What a beautiful, beautiful tribute for a beautiful soul. I am crying my eyes out right now, hoping that such a loving and sweet boy has befriended my Sophie and they are playing and waiting for us together. The hurt just doesn't stop..... They live in our hearts forever.


----------



## paula bedard (Feb 5, 2008)

Sophie_Mom said:


> What a beautiful, beautiful tribute for a beautiful soul. I am crying my eyes out right now, hoping that such a loving and sweet boy has befriended my Sophie and they are playing and waiting for us together. The hurt just doesn't stop..... They live in our hearts forever.


I'm sure Sam and all our beloved Bridge kids greeted Sophie on her arrival. No, the hurt doesn't stop but it does dull over time and the memories will one day bring smiles, not just tears. 
Your loss is still new...
I promise, it will get better.


----------



## PrincessDi (Jun 8, 2009)

Your beautiful scrapebook for Sam was so apropriately titled. Those pictures and memories really did tug at my heart. Made me cry. The years go by so quickly. In a blink they go from puppies to elderly, if we are fortunate enough to have them that long. Your love and longing for Sam and undying love come through very clearly.


----------



## Blondie (Oct 10, 2009)

Heartfelt gratitude to you for sharing your love with us. This totally yanked my heart strings, as I type this and look at Maggie lying on the floor next to me in a deep snooze after a fun-filled morning.


----------



## AmberSunrise (Apr 1, 2009)

That was truly beautiful.

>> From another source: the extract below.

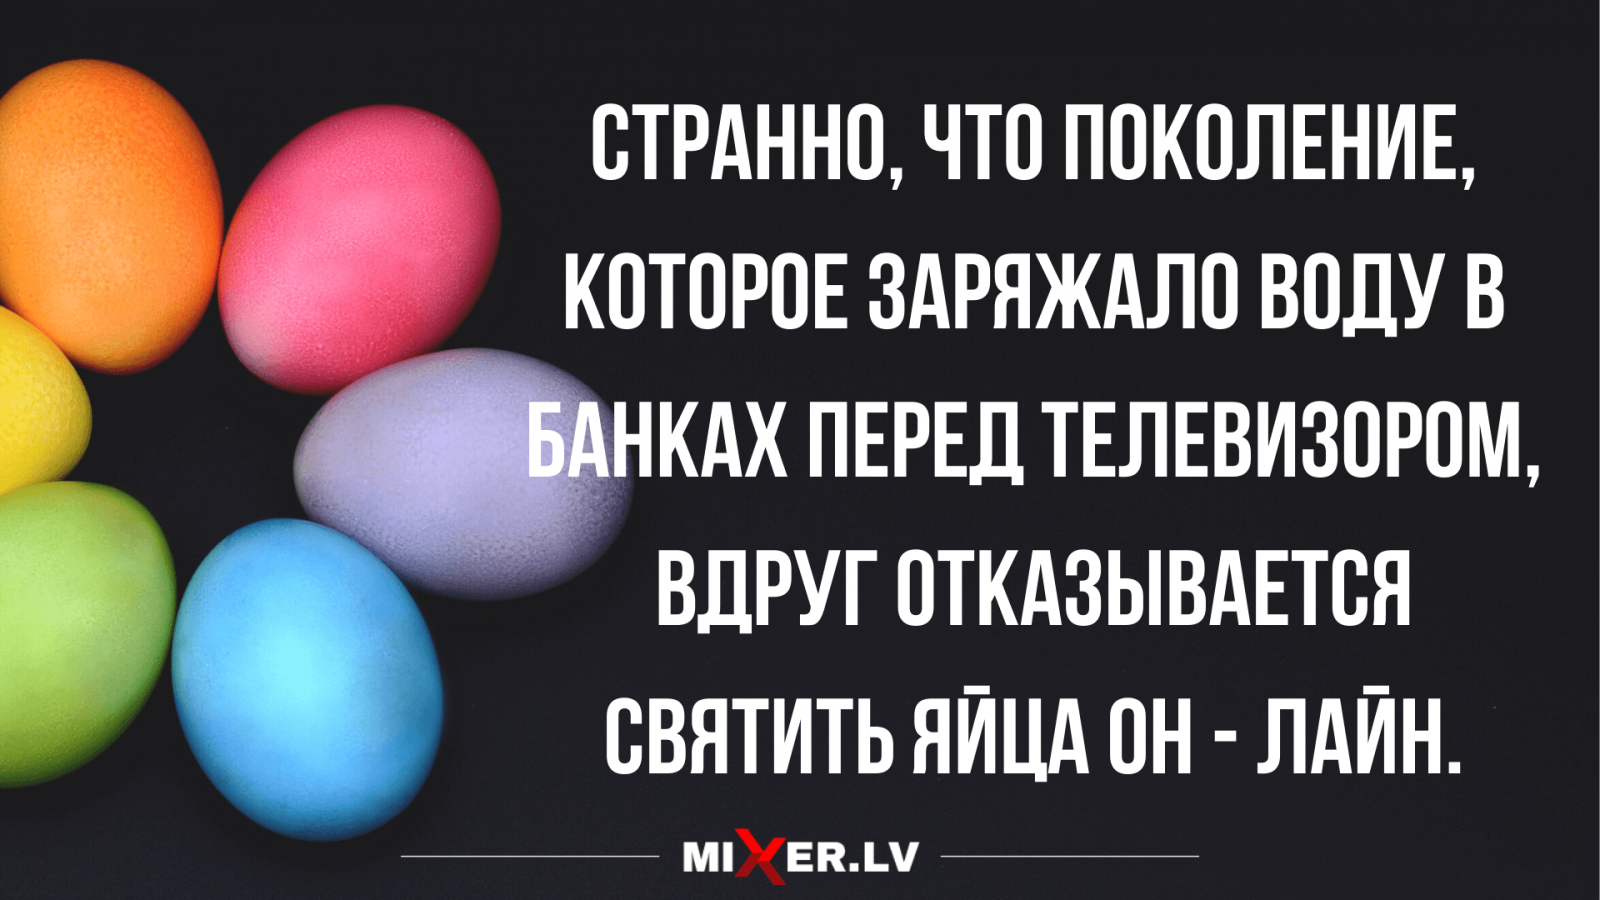 2020-04-18-mixnews-anekdoty-v-subbotu-i-pasha4.png
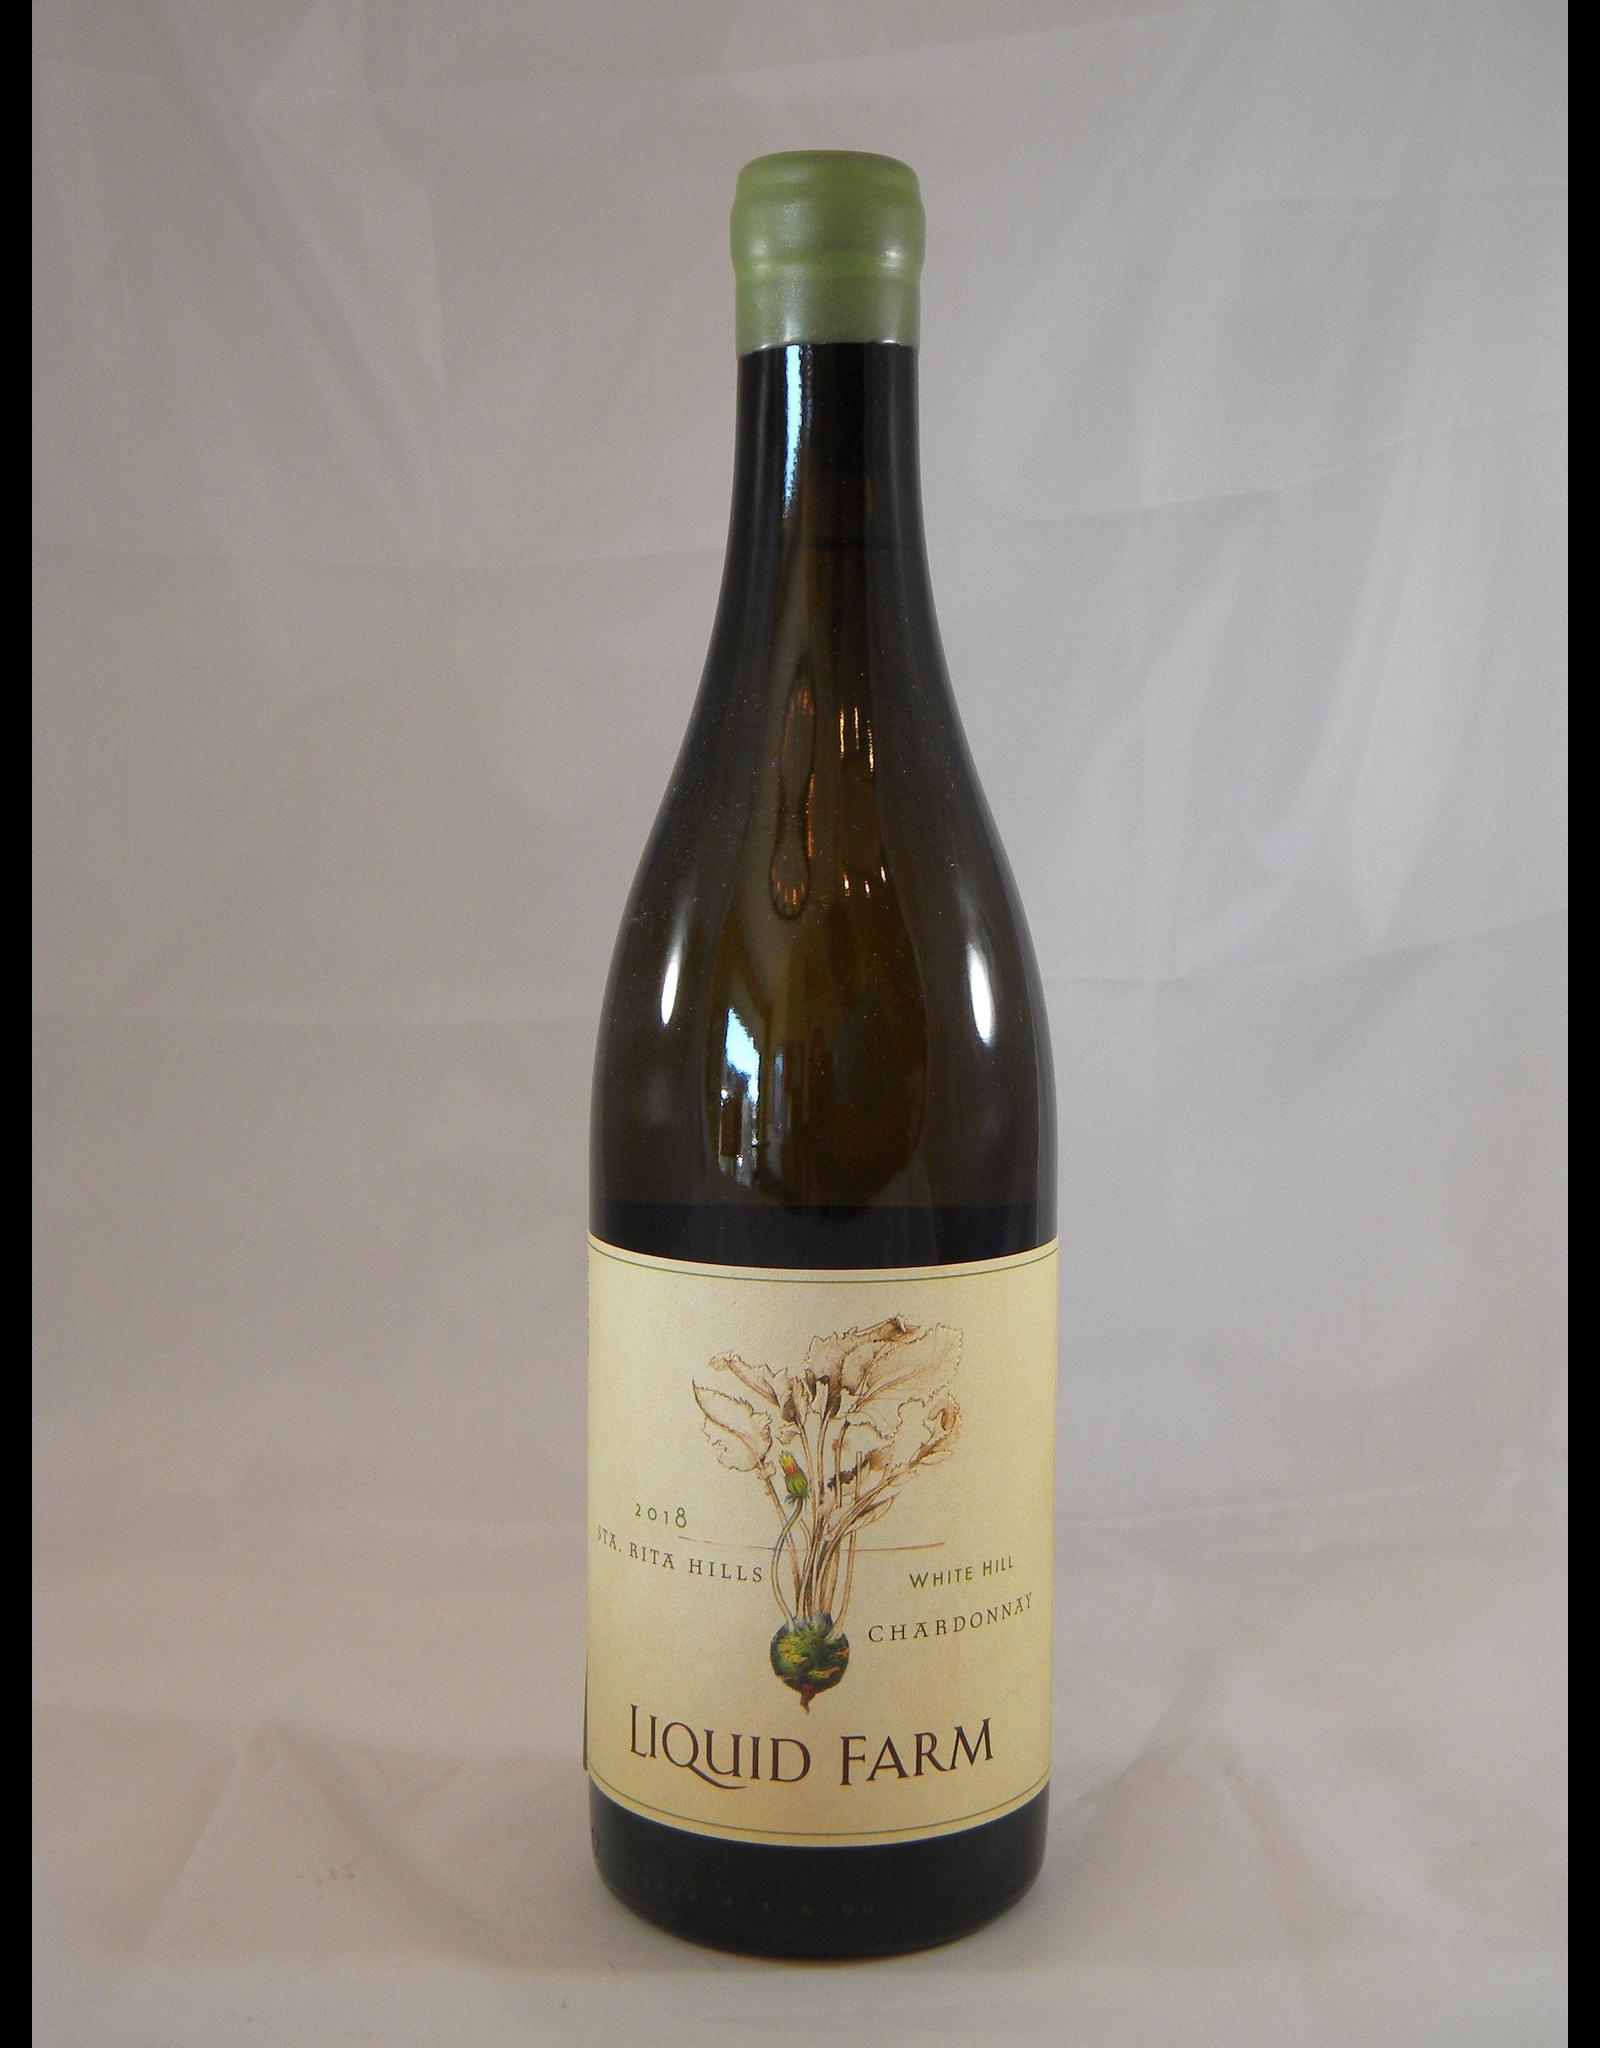 Liquid Farm Chardonnay Santa Rita Hills White Hill 2018

Thank you.


----------



## paula bedard (Feb 5, 2008)

Thanks for taking the time to read how Sam came to be mine. I've mentioned bits and pcs in various threads but never the full story. I couldn't, I would start crying and then typing would become impossible.

I know each of you have your own 'Sam' and the story behind that bond. I hope one day to get to hear them.


----------



## Cathy's Gunner (Dec 4, 2008)

Beautiful Paula....


----------



## magiclover (Apr 22, 2008)

It really was a beautiful tribute to Sam. What a blessing he was.


----------



## caseypooh (Dec 30, 2010)

Paula, thank you for sharing how you met Sammie. I know it must have been hard but it's very special to us. I wish we had a spot to read how everyone met their special pup. It's amazing how the exactly right one comes to us.


----------



## paula bedard (Feb 5, 2008)

Thanks guys...


----------